Once you find the line with "New 24 pcs Wedge" in the data that follows, repeat it and every line after it exactly, through the line with "杭州建德有一座白沙公园,环境优美,是市民休闲散心的好去处".

- **Task input**:
▽

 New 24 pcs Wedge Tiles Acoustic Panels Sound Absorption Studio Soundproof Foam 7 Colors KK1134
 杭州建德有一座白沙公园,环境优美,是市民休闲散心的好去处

△
▽

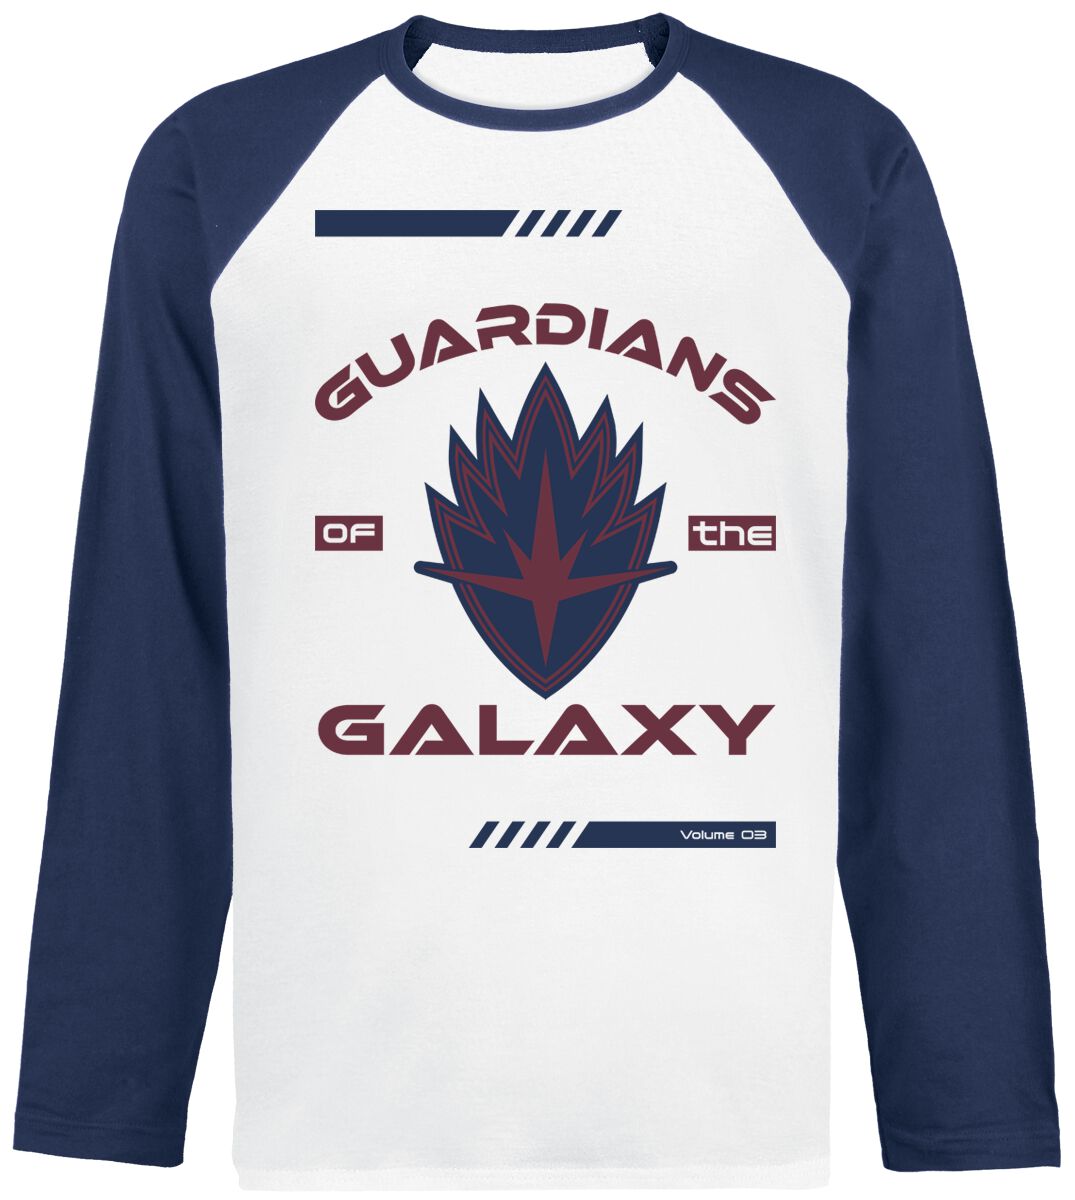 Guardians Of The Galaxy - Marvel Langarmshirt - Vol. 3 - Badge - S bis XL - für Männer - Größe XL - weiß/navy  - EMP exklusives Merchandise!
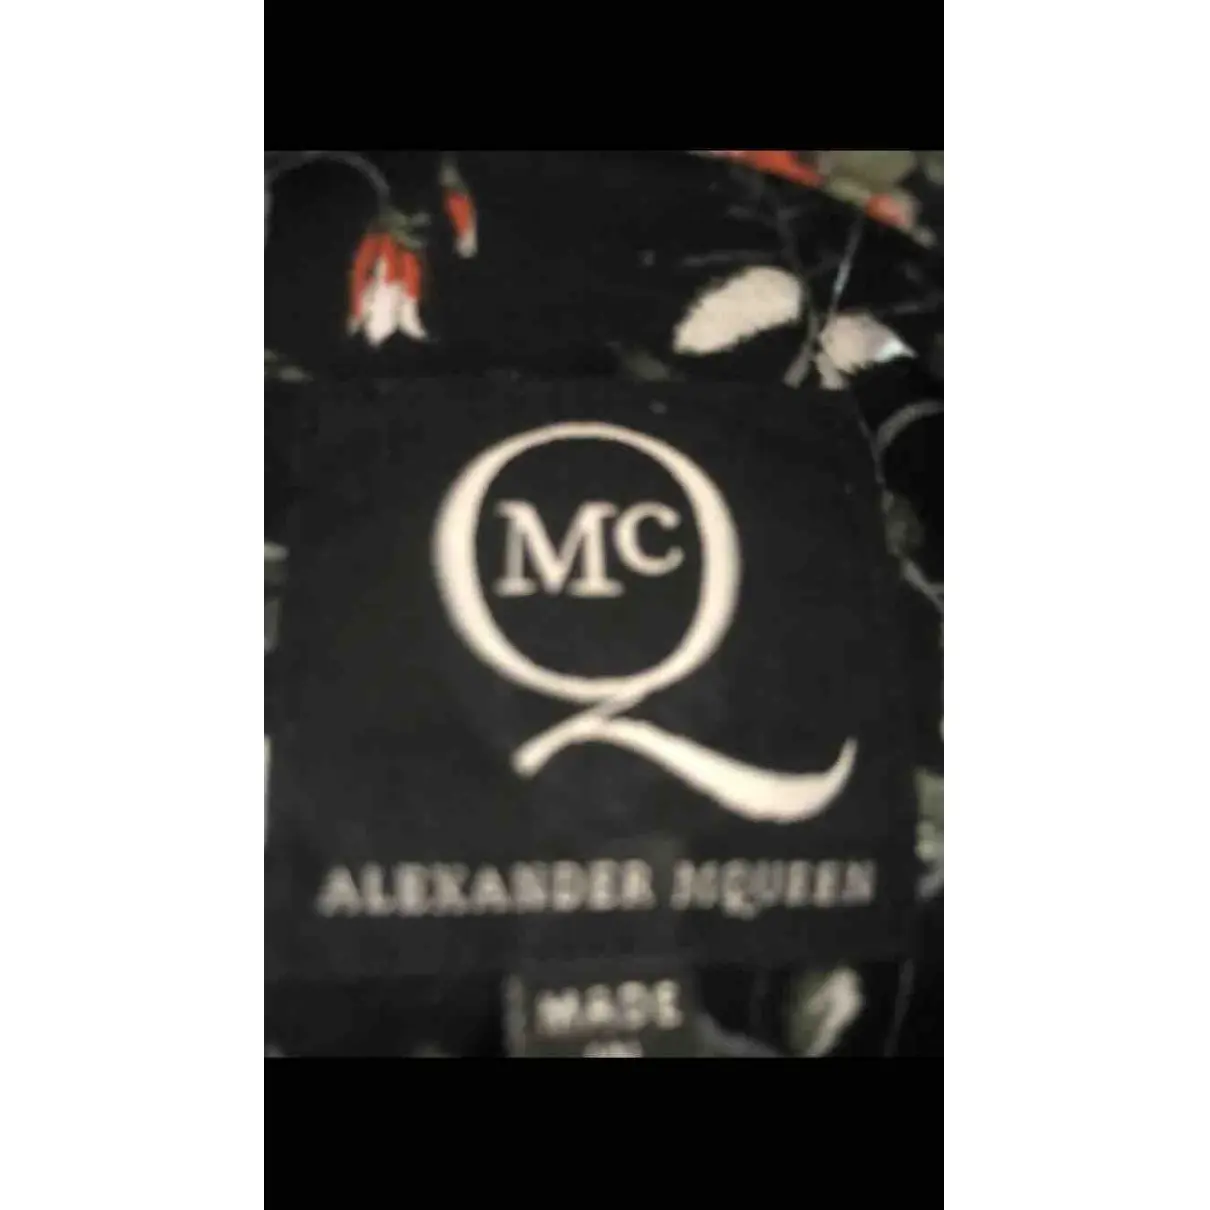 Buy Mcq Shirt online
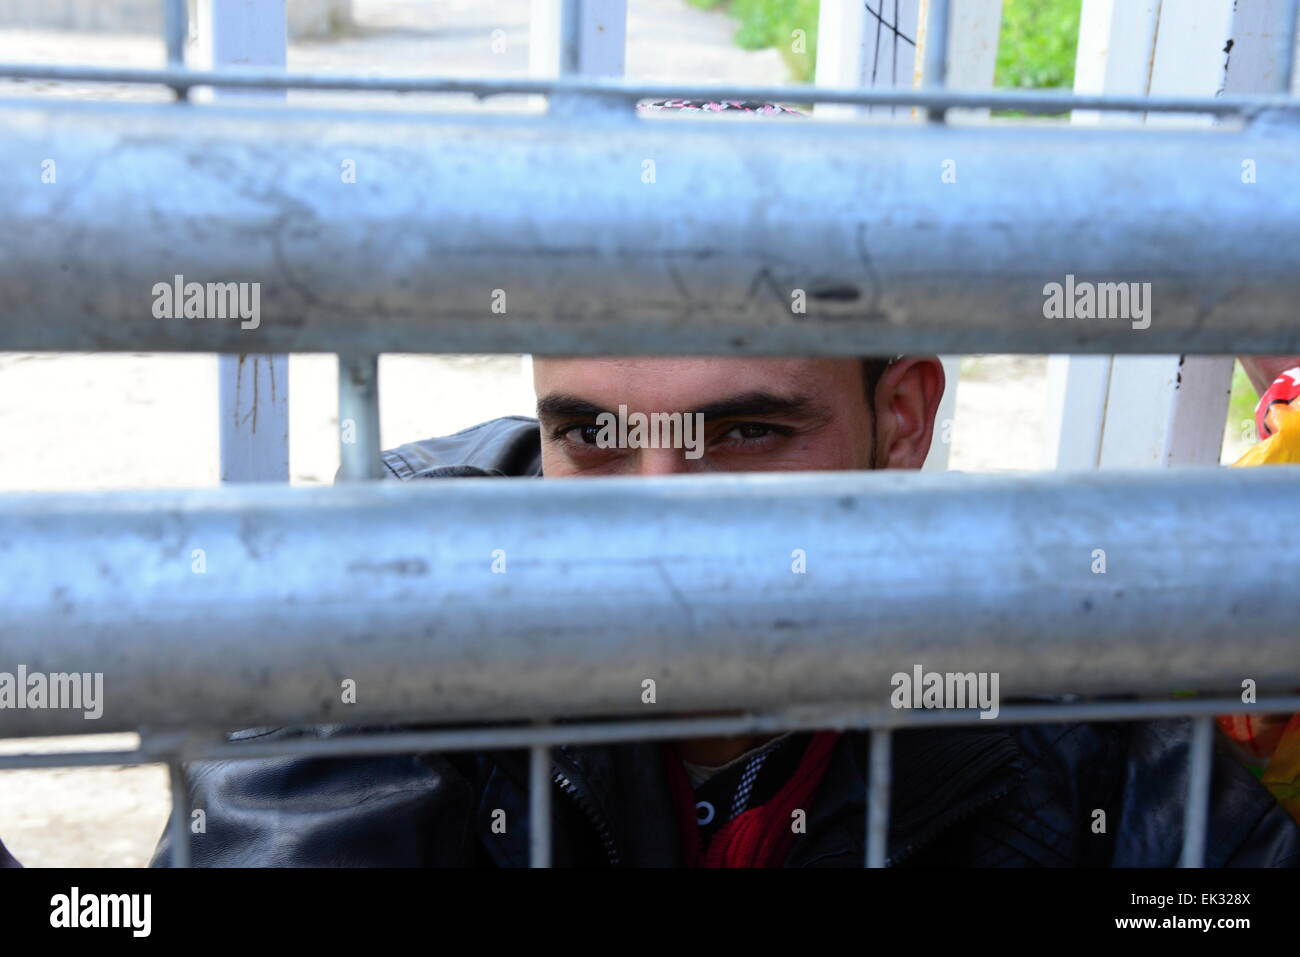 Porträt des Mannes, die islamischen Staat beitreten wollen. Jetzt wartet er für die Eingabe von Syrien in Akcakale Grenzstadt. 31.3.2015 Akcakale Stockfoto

△

- **Result of this exercise**:
 New 24 pcs Wedge Tiles Acoustic Panels Sound Absorption Studio Soundproof Foam 7 Colors KK1134
 杭州建德有一座白沙公园,环境优美,是市民休闲散心的好去处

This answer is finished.